I'd like the entire listing output verbatim, apart from the pictures.

_AVAILABLE DATA_.
--- START ---

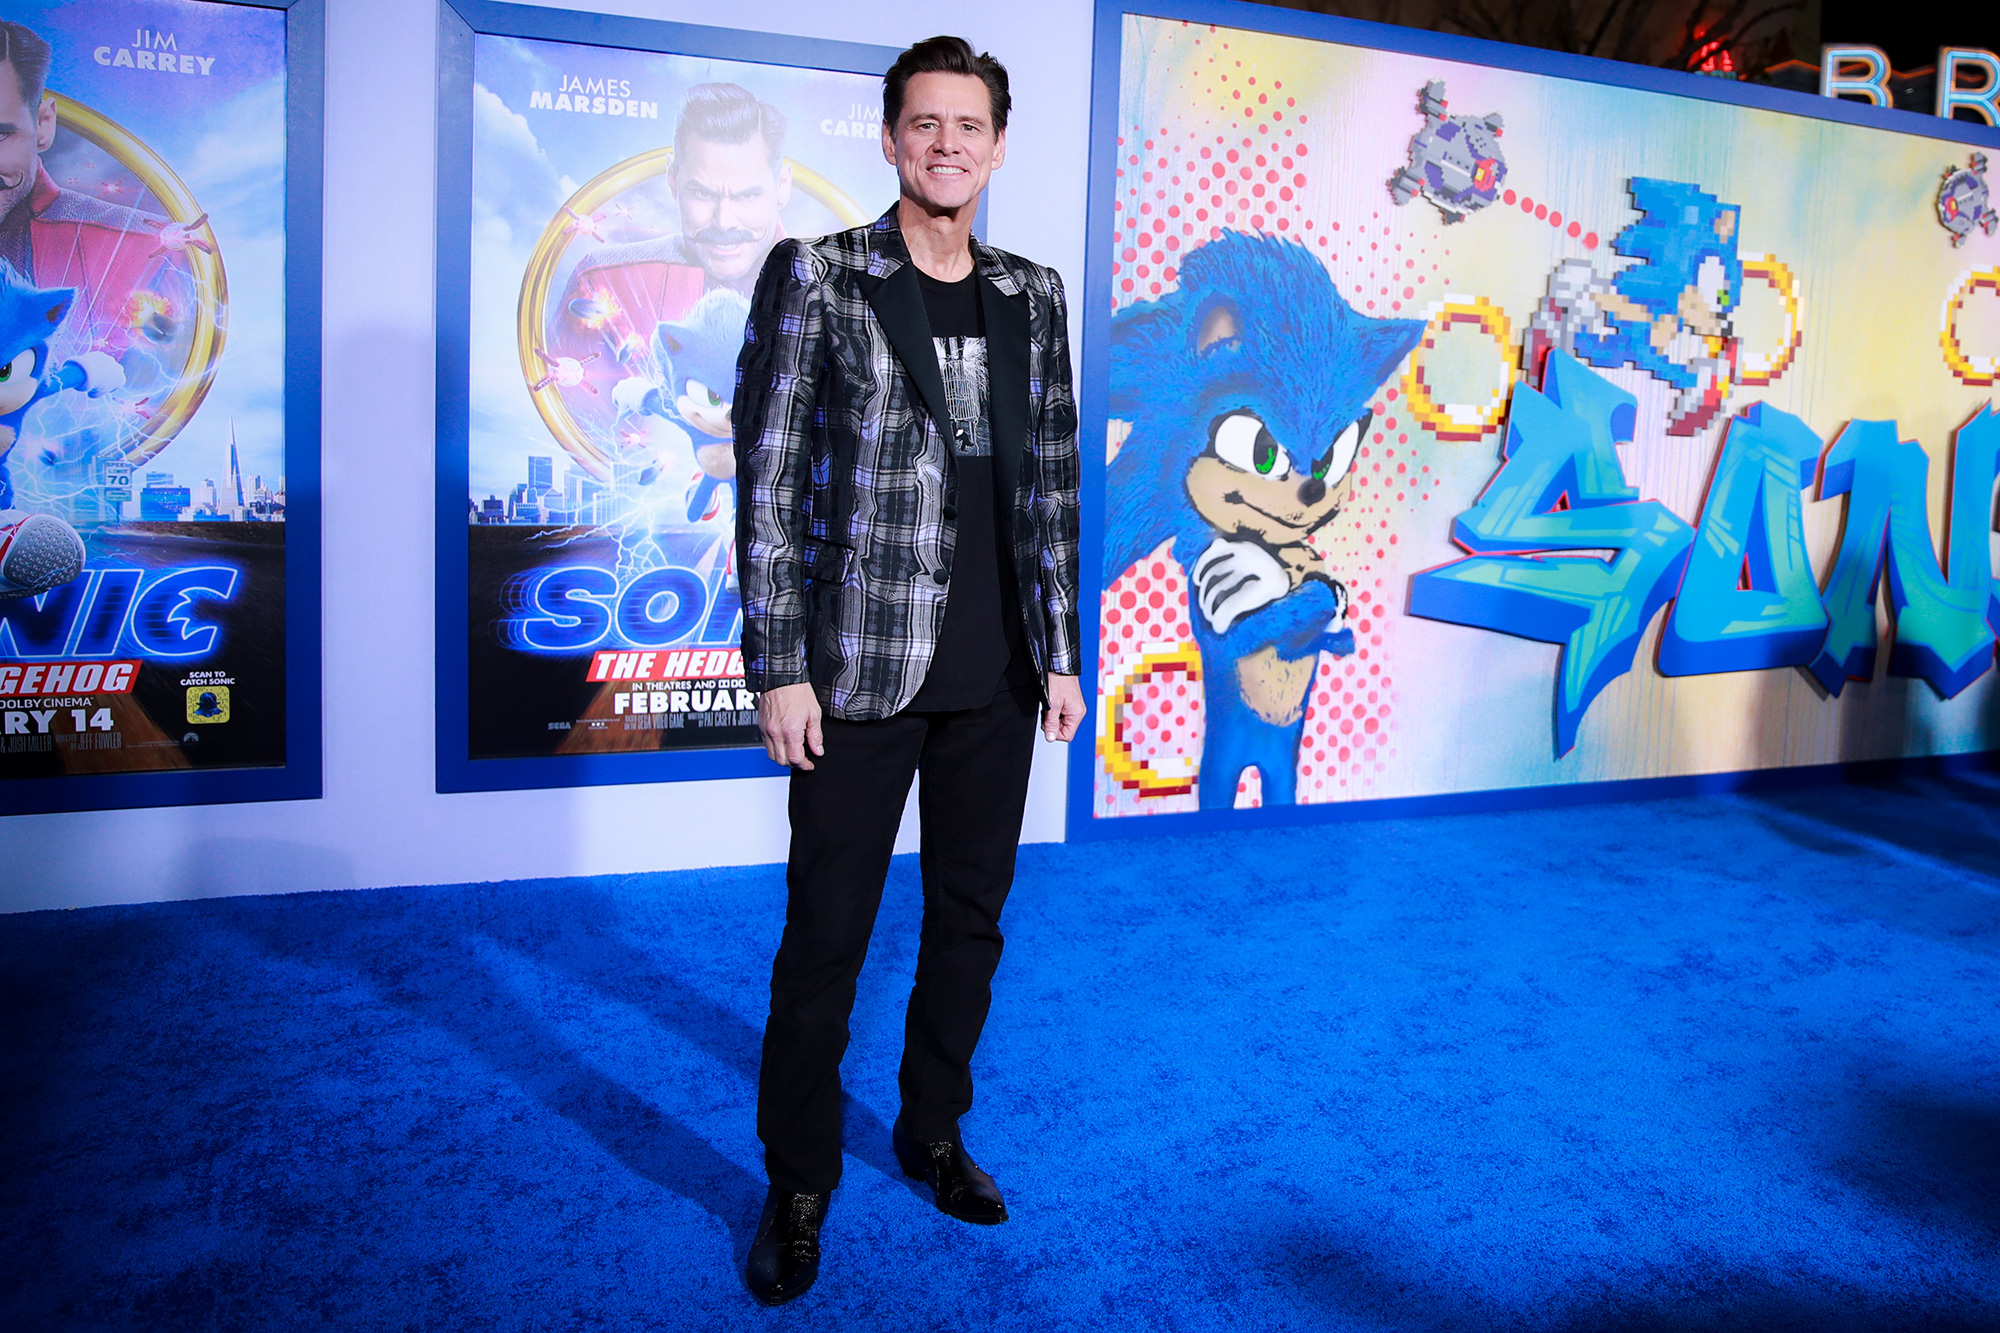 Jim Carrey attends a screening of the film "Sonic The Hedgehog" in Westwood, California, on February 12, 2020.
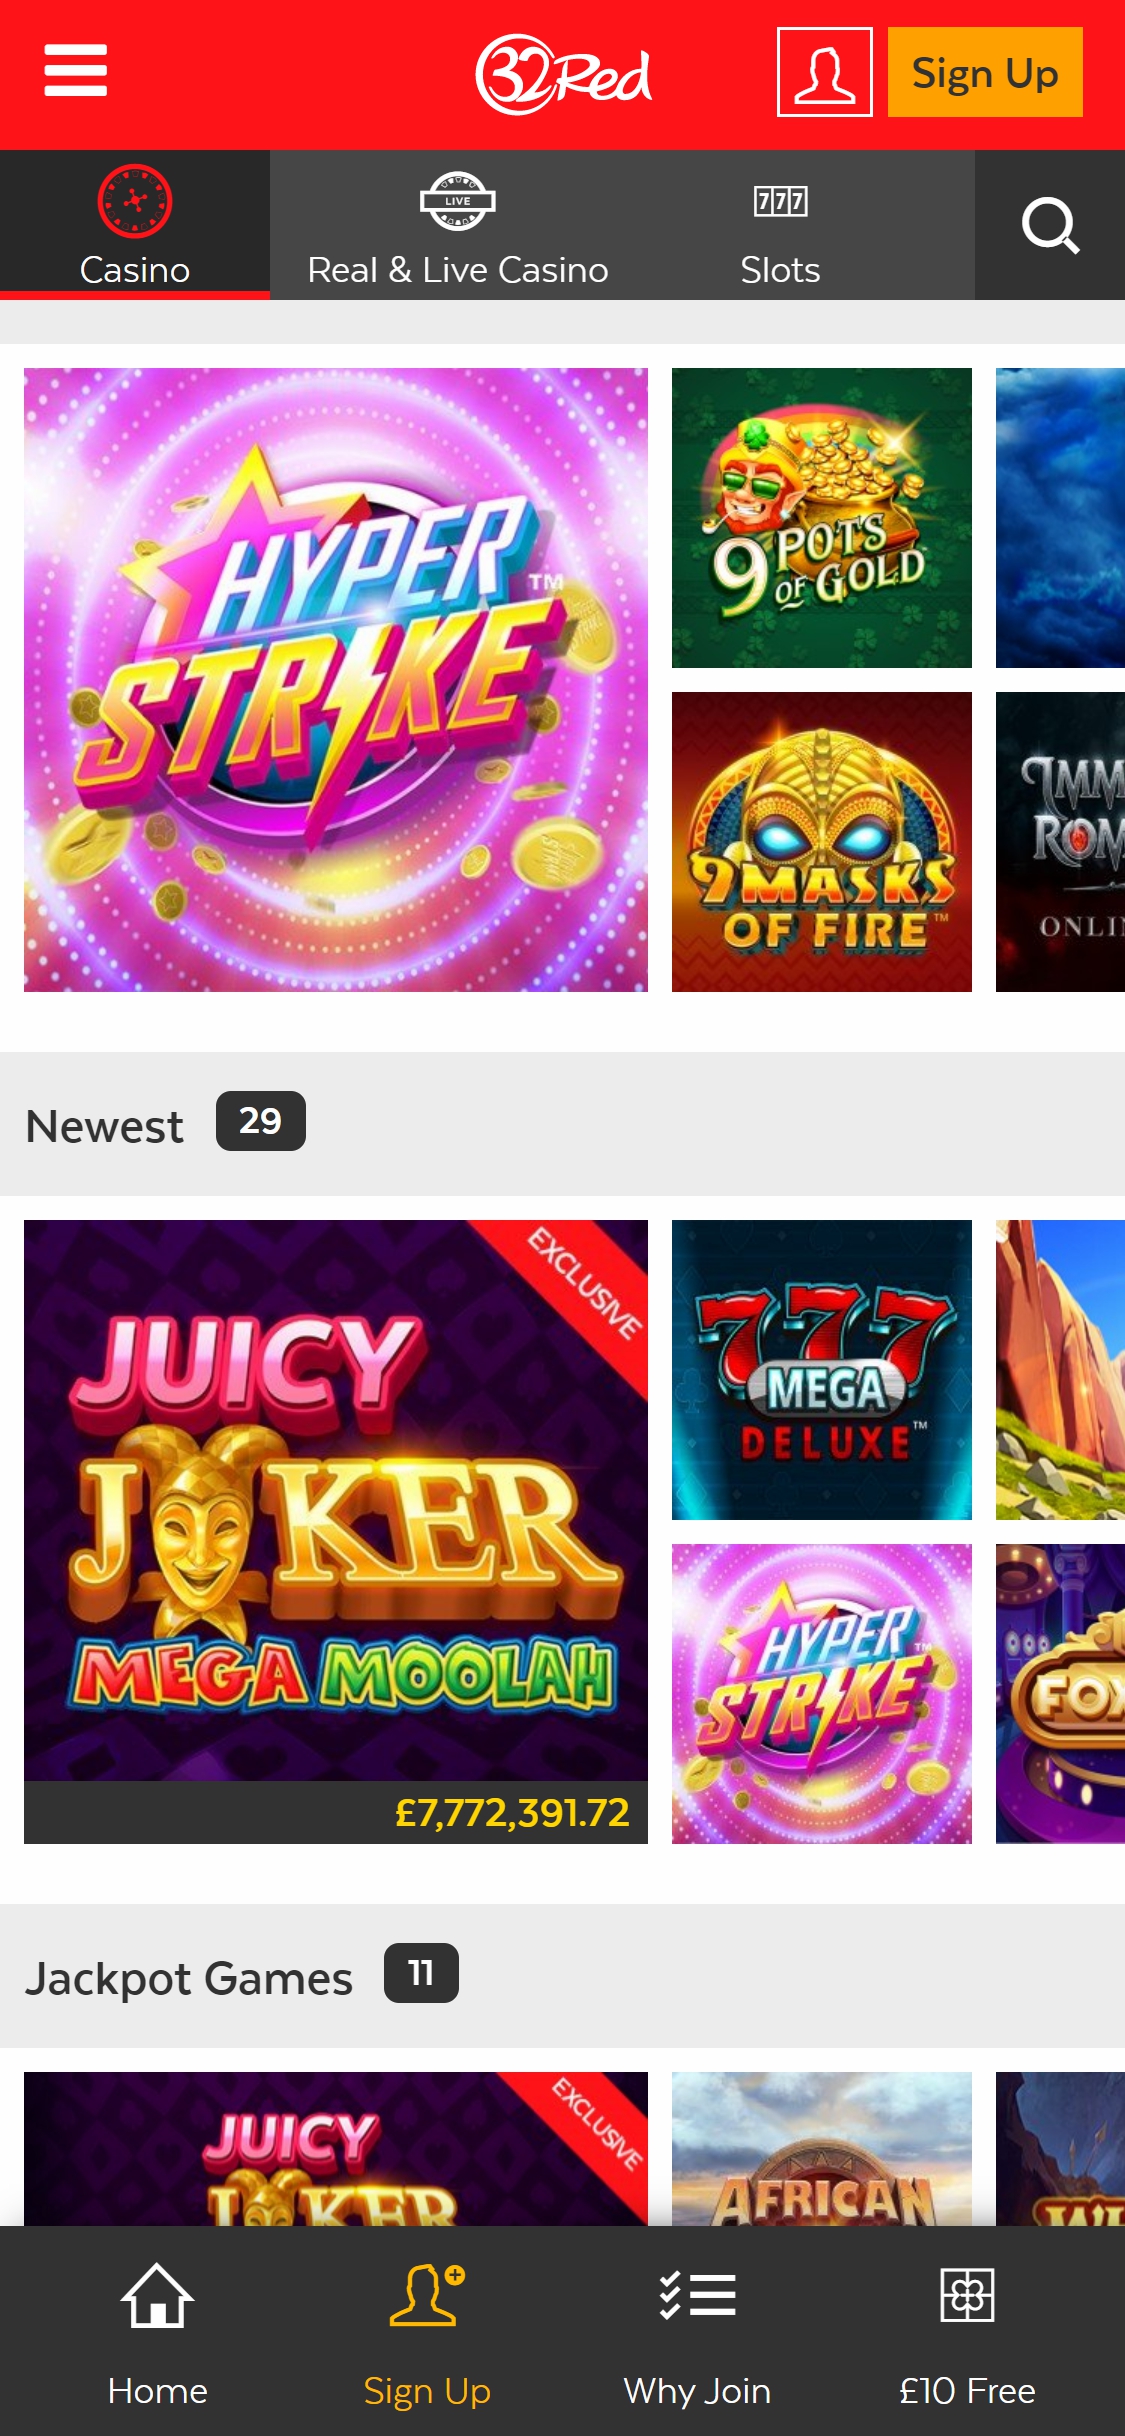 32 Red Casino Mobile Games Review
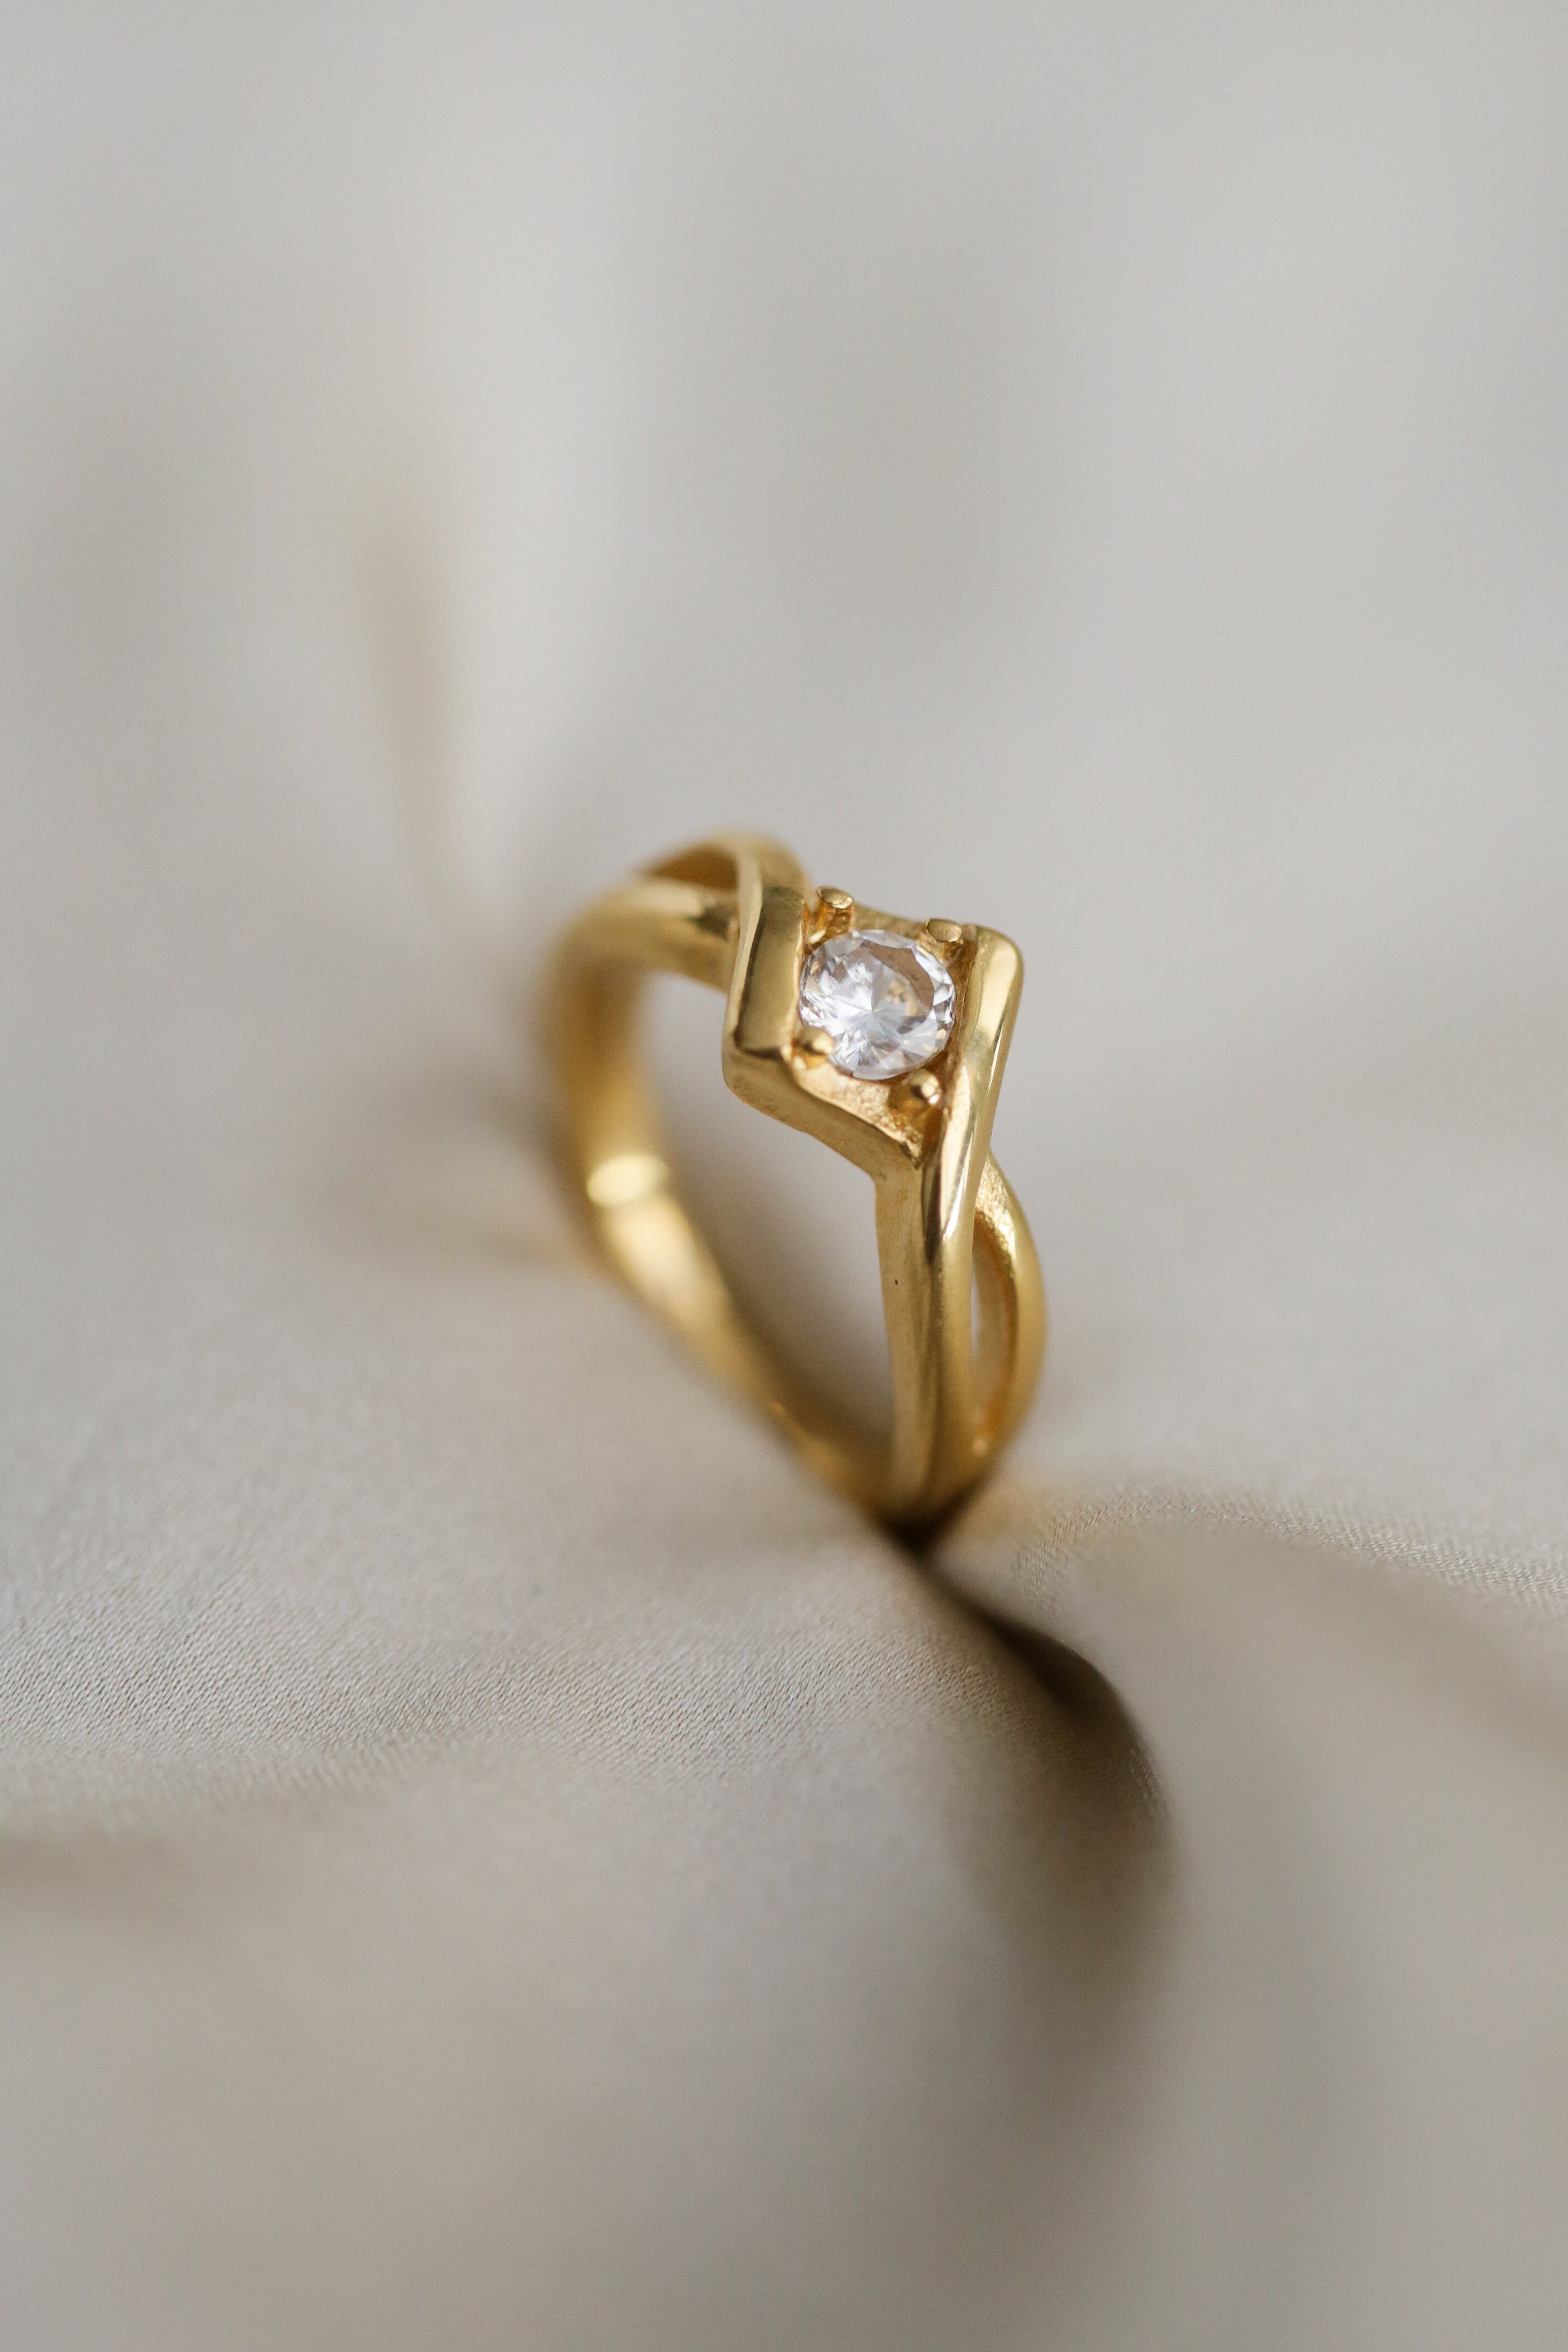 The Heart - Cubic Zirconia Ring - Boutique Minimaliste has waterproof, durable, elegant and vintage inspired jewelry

--- END ---

_RESULT OF THIS EXERCISE_.
 Jim Carrey attends a screening of the film "Sonic The Hedgehog" in Westwood, California, on February 12, 2020.
 32 Red Casino Mobile Games Review
 The Heart - Cubic Zirconia Ring - Boutique Minimaliste has waterproof, durable, elegant and vintage inspired jewelry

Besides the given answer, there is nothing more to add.